(Task data)

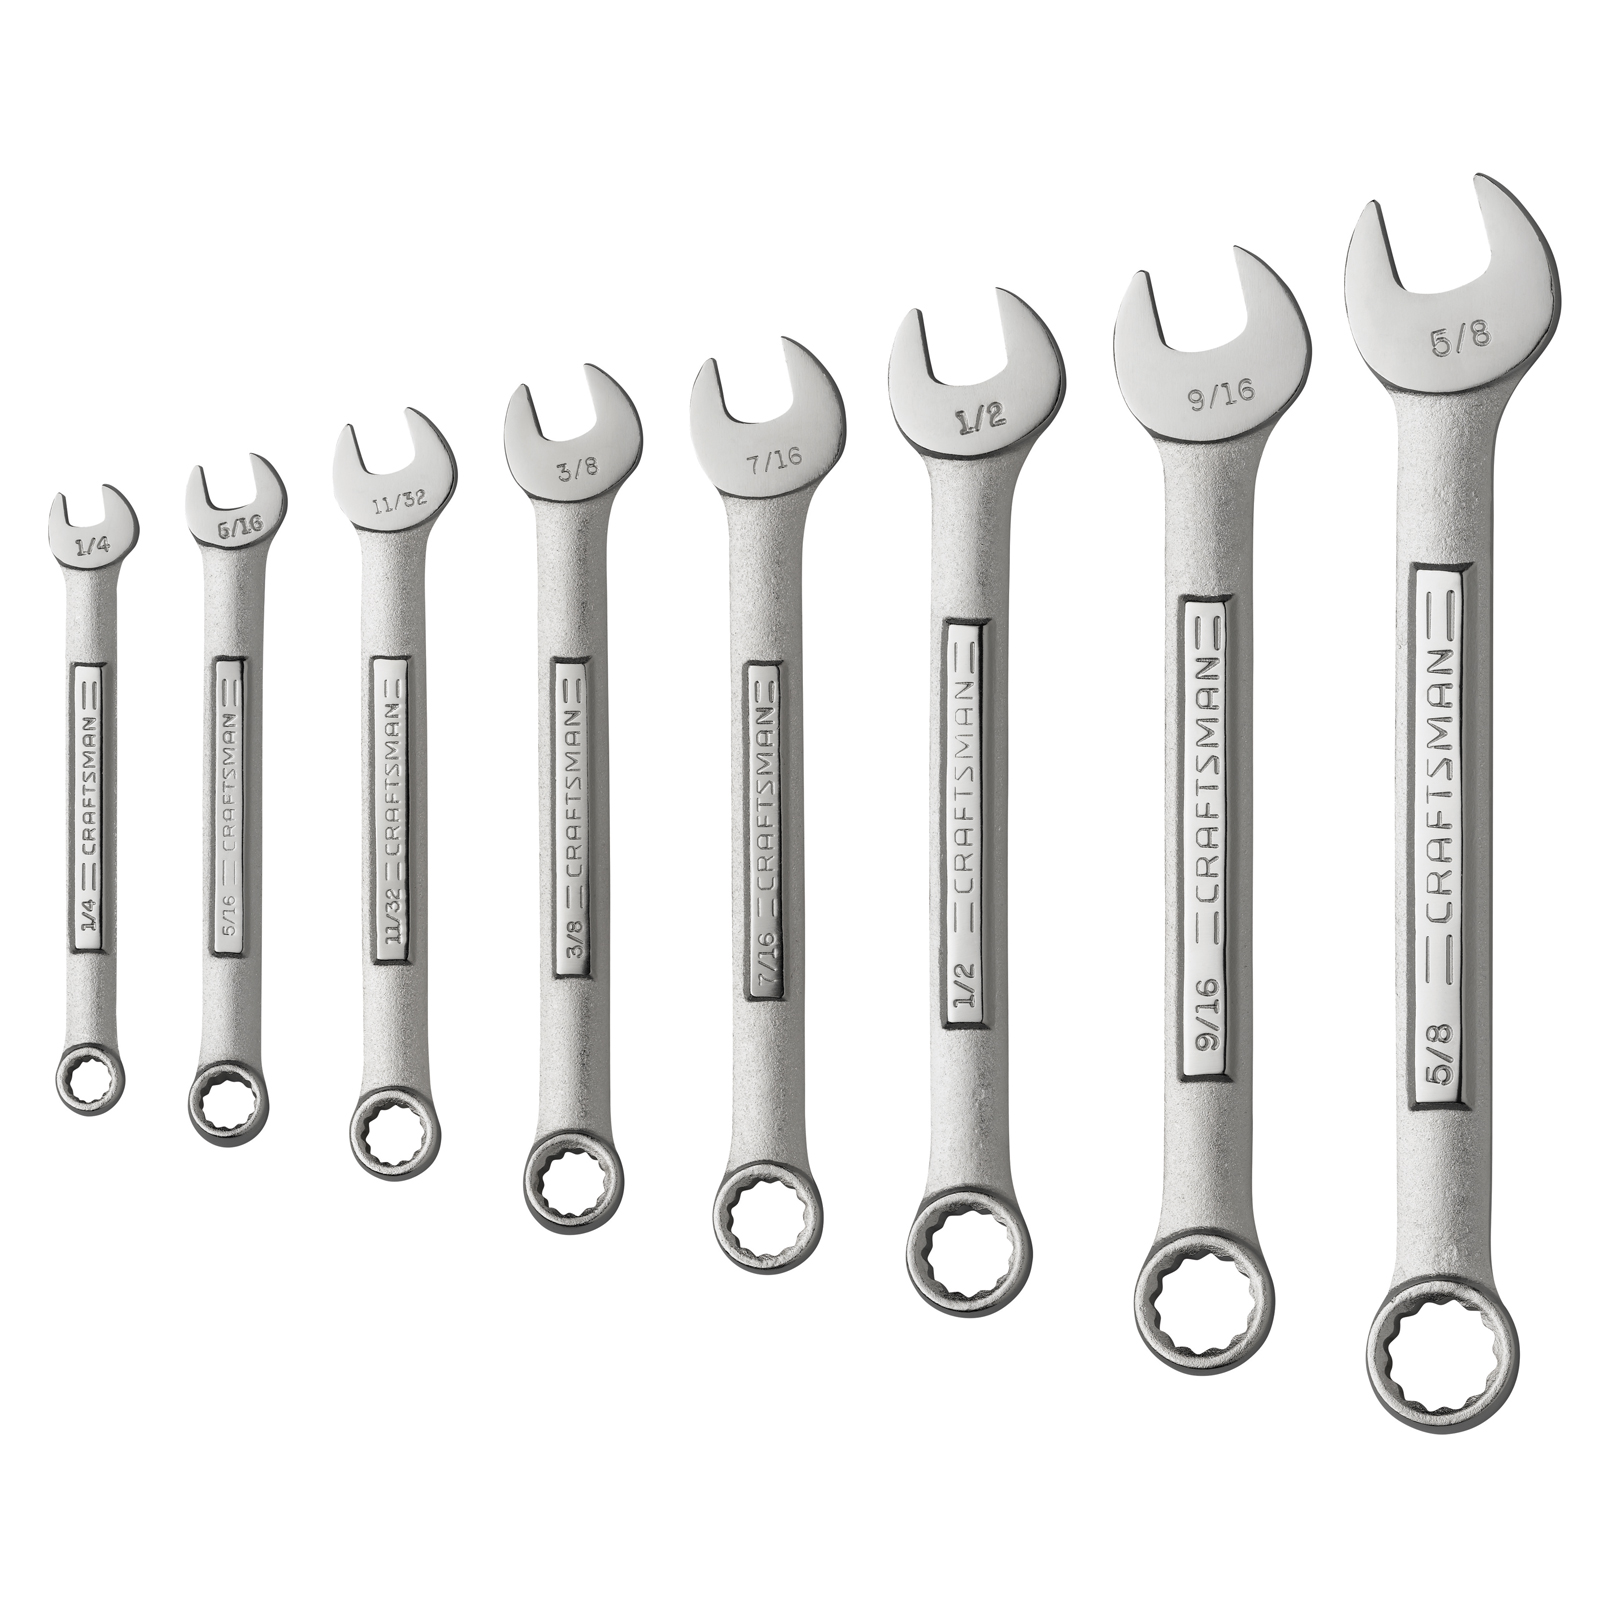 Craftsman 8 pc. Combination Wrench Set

(End Task data)
(Task data)

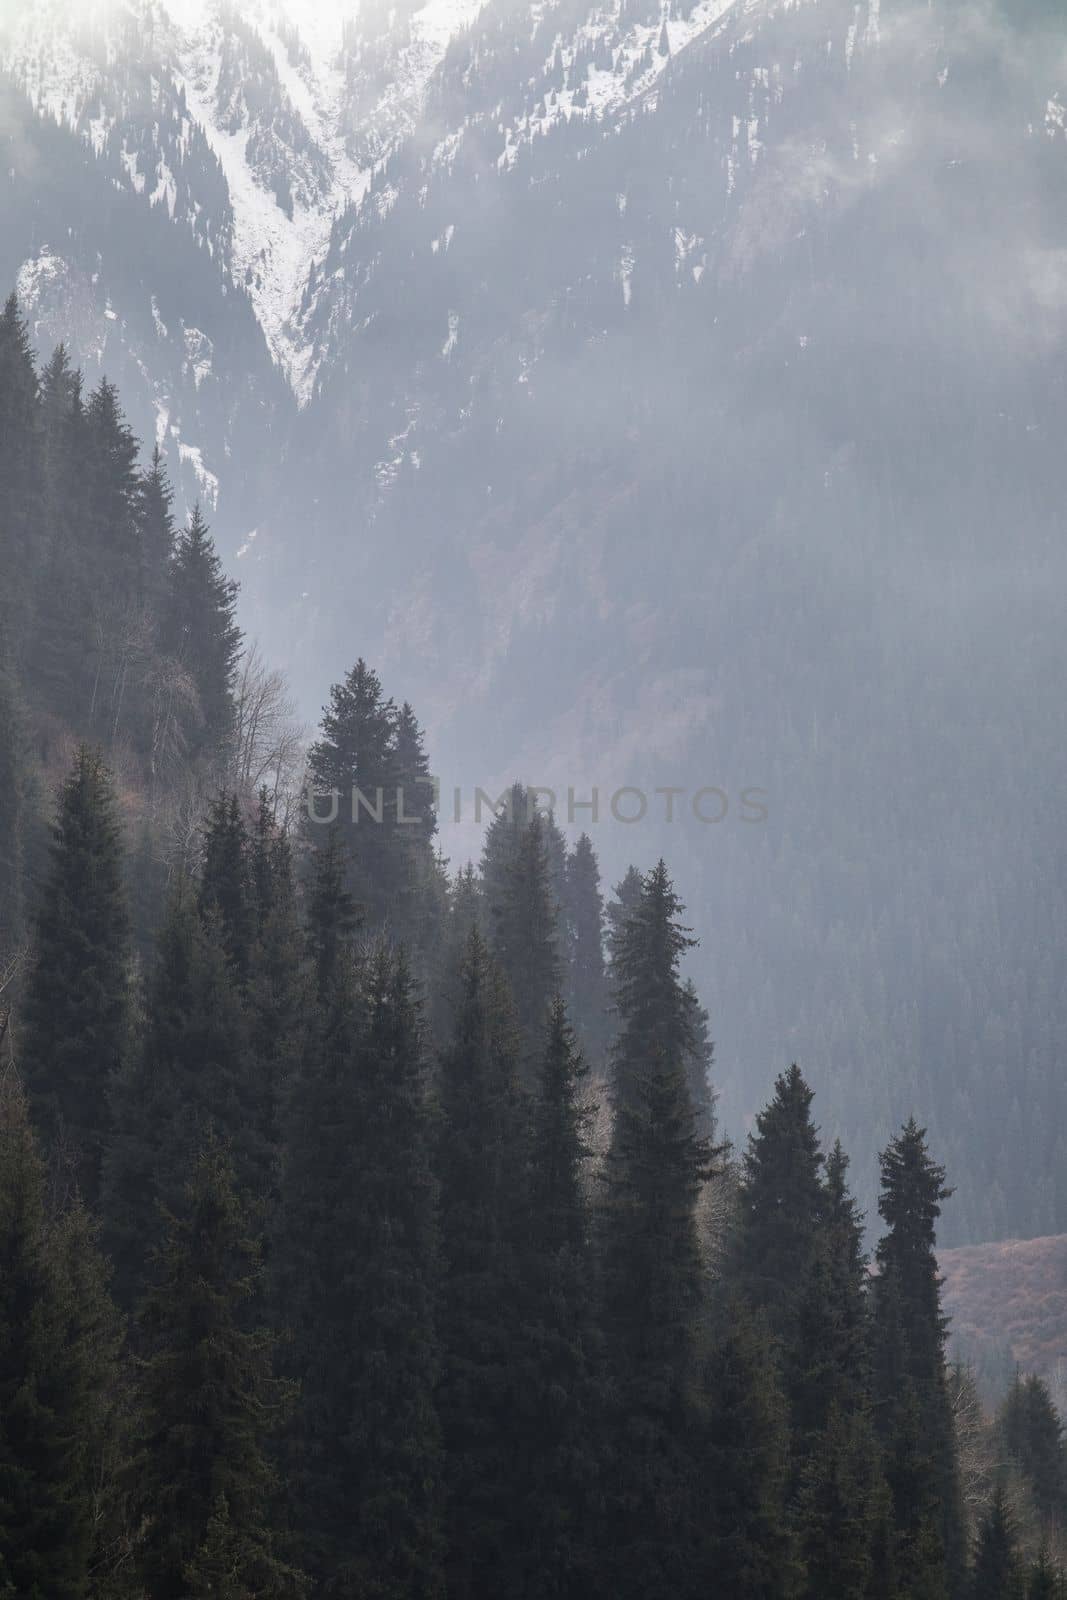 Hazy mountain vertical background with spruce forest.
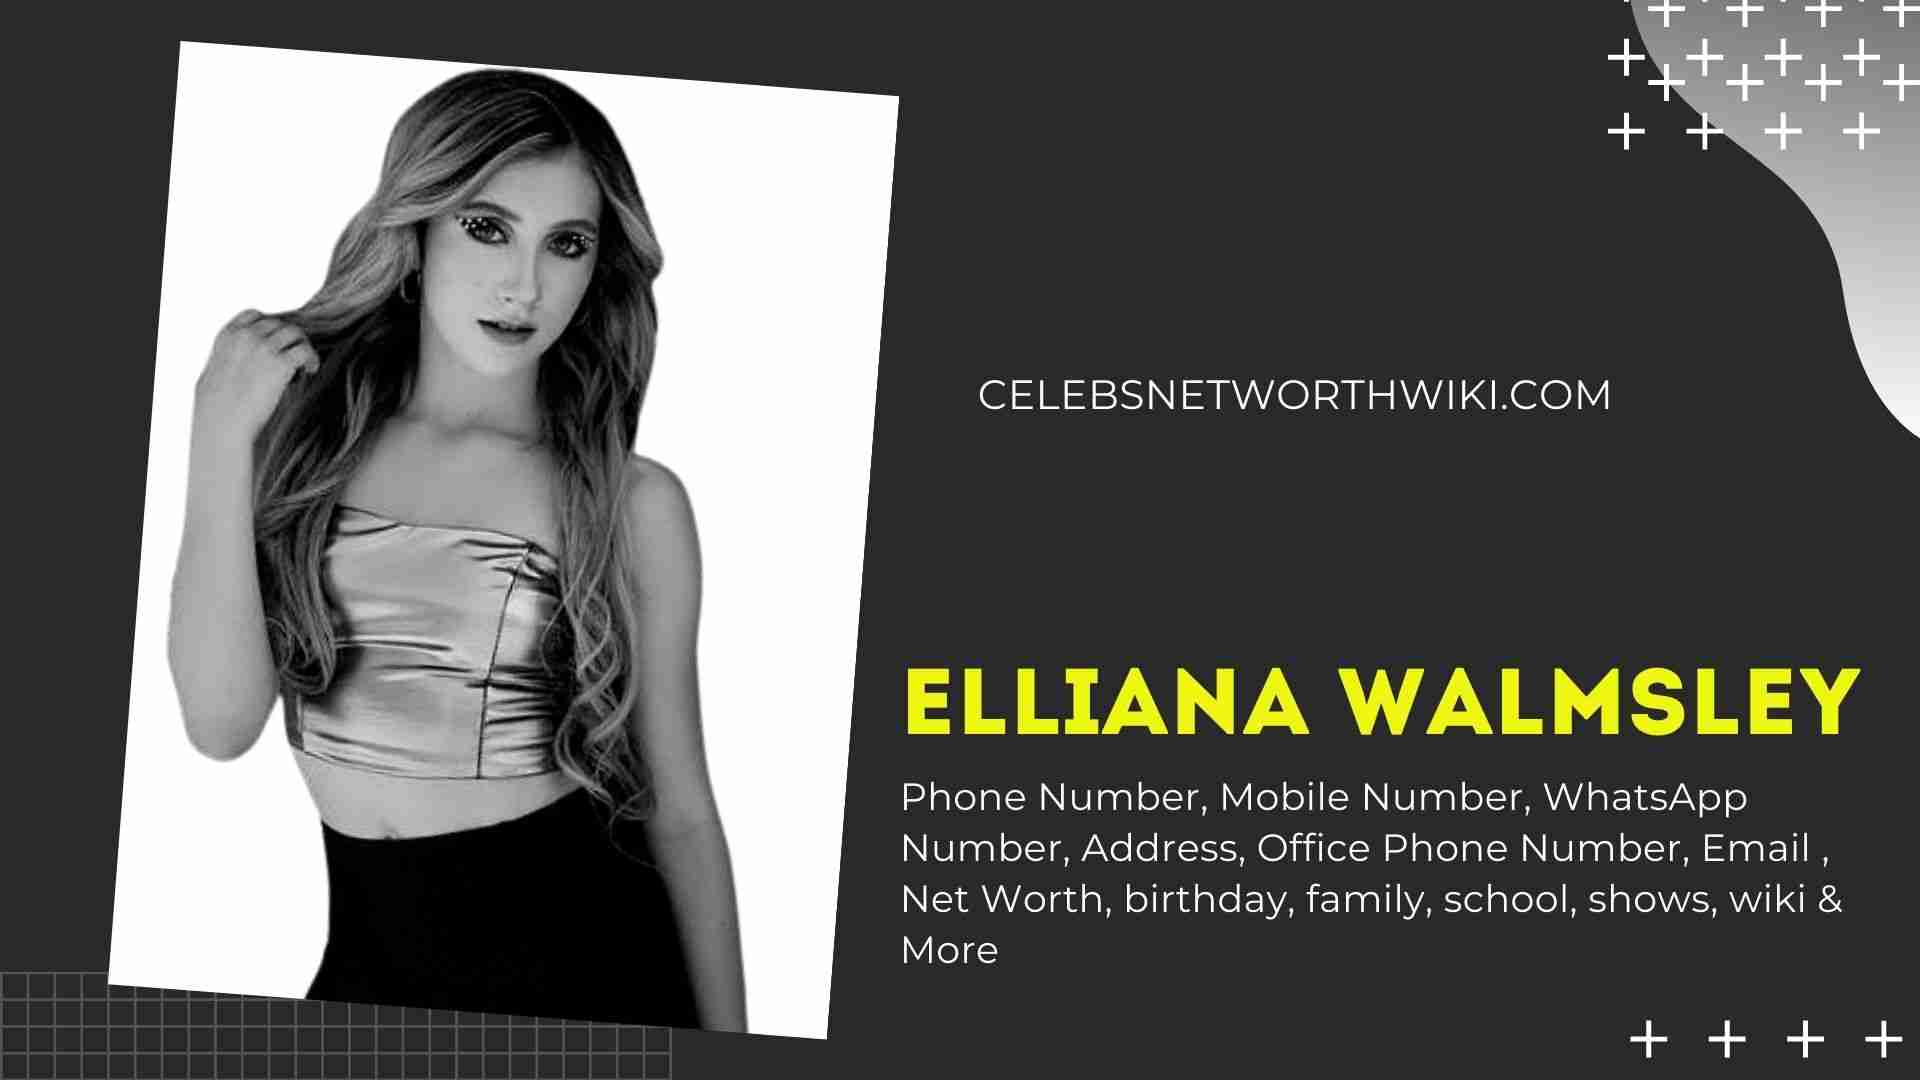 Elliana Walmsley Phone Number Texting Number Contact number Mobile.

(End Task data)

What you are asked to do
Nothing but the lines from the one with "Hazy mountain vertical" to the one with "Elliana Walmsley Phone" above, both included, should be transcribed, exactly and without pictures.

Written response
 Hazy mountain vertical background with spruce forest.
 Elliana Walmsley Phone Number Texting Number Contact number Mobile.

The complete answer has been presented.